AFP – A voltar a Washington de sua primeira viagem ao exterior como vice-presidente dos Estados Unidos, Kamala Harris foi criticada pelos republicanos, que a condenaram por não ter levado a sério a “crise” migratória, e também pela ala esquerdista do seu Partido Democrata.
A viagem foi uma “oportunidade perdida”, disse à AFP o senador republicano John Cornyn.
Na segunda-feira na Guatemala e na terça no México, ela proferiu frases curtas que ofuscaram, ao menos nos veículos conservadores, o principal motivo da viagem: se concentrar em questões como a pobreza e a criminalidade que levam milhares de pessoas do México e do Triângulo Norte (Guatemala, Honduras e El Salvador) a cruzar a fronteira sul dos Estados Unidos.
Com a onda migratória nos maiores níveis em 15 anos, o presidente Joe Biden atribuiu a Harris a missão de se ocupar do tema, mas ela não apresentou grandes medidas durante a viagem.

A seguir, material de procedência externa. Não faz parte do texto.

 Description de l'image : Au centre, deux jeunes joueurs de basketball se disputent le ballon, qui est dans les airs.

Com o presidente mexicano, Andrés López Obrador, assinou um protocolo de acordo destinado a “atacar as causas profundas” da imigração e ajudar os habitantes a “recuperar a esperança em casa”.

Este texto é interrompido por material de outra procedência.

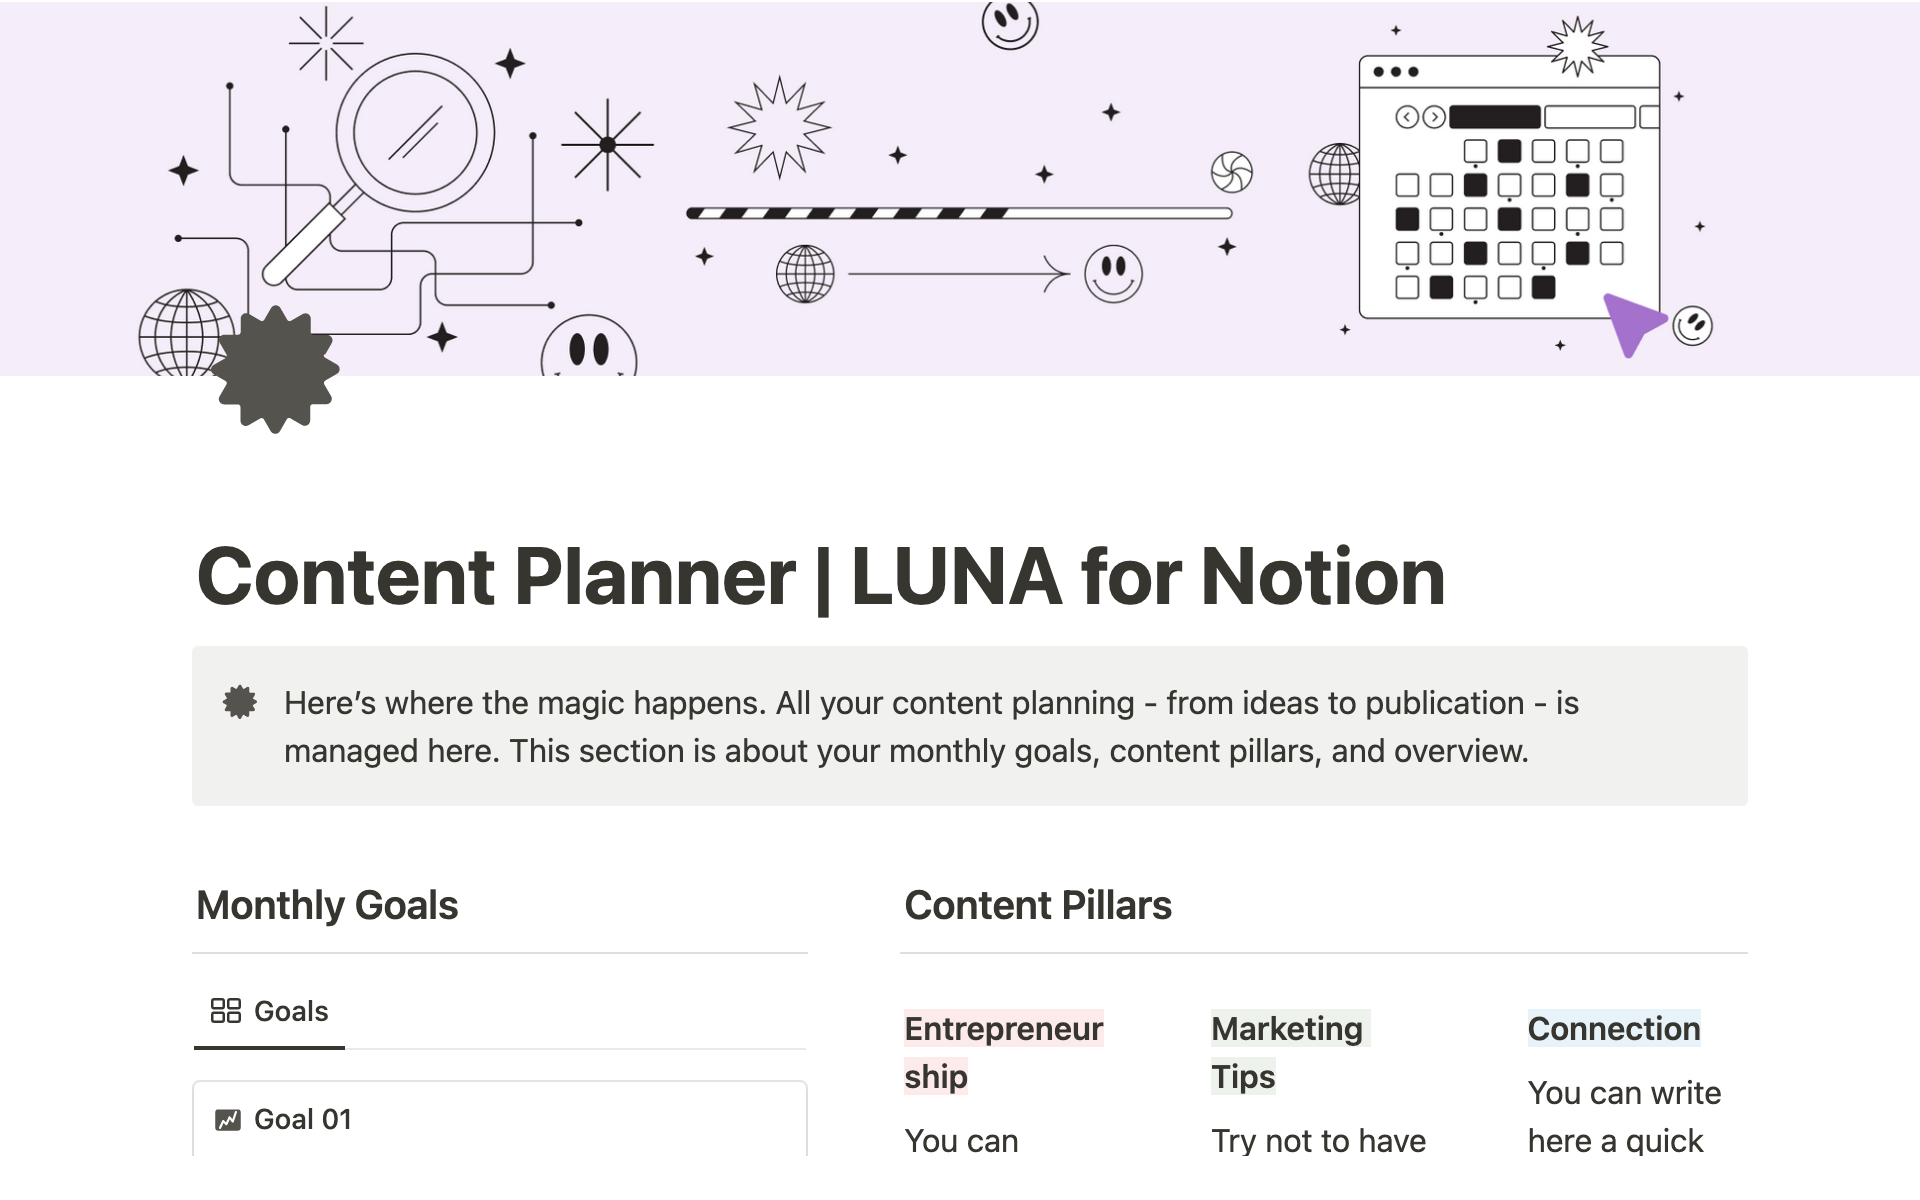 Uma prévia do modelo para Content Planner

Mas em cada escala repetiu-se a pergunta: por que não foi à fronteira sul dos Estados Unidos ver por si própria as consequências da “crise” denunciada pelos republicanos?
Para eles, é o próprio Biden que provoca as chegadas maciças, ao prometer uma política migratória “mais humana” depois da “tolerância zero” de seu antecessor, Donald Trump.
Em abril, 178.600 migrantes foram detidos na fronteira com o México – o maior número em 15 anos.
“Nossa fronteira sul, que recentemente tinha sido protegida, agora está pior do que nunca”, disse Trump, que tinha feito da construção de um muro na fronteira um dos principais objetivos de sua gestão.
Durante a presidência do republicano, todos os que entravam clandestinamente pela fronteira com o México eram processados criminalmente.
Mais de duas mil pessoas ainda não encontraram seus familiares, segundo autoridades americanas.
– “Uma brincadeira” –
Harris primeiro qualificou de simples “gesto” sua eventual viagem à fronteira. E, visivelmente incomodada por sempre ser questionada sobre o tema, acompanhou suas palavras com risadas nervosas.
Chegou a dar uma resposta surpreendente quando a NBC lhe perguntou porque não foi à fronteira com o México: “Tampouco fui à Europa“, respondeu.
O tema e os comentários ganharam destaque nas emissoras e nas contas do Twitter de conservadores.
“Harris pensa que a crise na nossa fronteira sudeste é uma brincadeira hilariante“, disseram os republicanos.
“Ela não vai onde está o principal fracasso do nosso sistema migratório: a fronteira“, disse o senador Cornyn, depois de quatro anos em que Trump lutou por amuralhar a fronteira com o México.
“Literalmente sobrevoou duas vezes nossa fronteira sul” sem parar ali, disse à AFP o senador republicano James Lankford.
– “Não venham” –
Na Cidade da Guatemala, Harris procurou dar uma mensagem clara a quem quer se aventurar no “caminho perigoso” para a fronteira entre os Estados Unidos e o México: “Não venham”.
Isso não bastou para satisfazer a oposição republicana. As “políticas dizem o contrário”, afirmou Lankford.
A expressão “não venham” também irritou a ala esquerdista do Partido Democrata.
“Decepcionante“, disse a congressista Alexandria Ocasio Cortez.
“Essa abordagem do ‘fique aí e morra’ não é a forma como nosso país pode promover um sistema migratório mais justo e humano”, tuitou sua colega, Rashida Tlaib.
A Casa Branca deu a Harris um apoio morno.
Harris fez “exatamente o que o presidente lhe pediu para fazer”, respondeu aos jornalistas a porta-voz da Casa Branca, Jen Psaki.
Com sua experiência de oito anos como o número dois do governo de Barack Obama, Biden sabe bem que exercer a vice-presidência sempre fica à sombra e com frequência pode ser uma tarefa ingrata.
Como vice-presidente, o próprio Biden se encarregou do tema da imigração. Harris tem hoje uma tarefa mais difícil, avaliam especialistas, devido aos problemas econômicos provocados pela pandemia de covid-19 e as catástrofes naturais.
No Senado, vários democratas foram mais benevolentes com Harris.
“Eu a considero uma líder forte e espero ver as conclusões” da sua viagem, disse à AFP o senador Sherrod Brown.
Seu colega Tim Kaine, por sua vez, lembrou que Harris foi procuradora-geral da Califórnia, estado fronteiriço com o México e, consequentemente, “sabe muito mais sobre a fronteira do que muitos daqueles que a criticam”.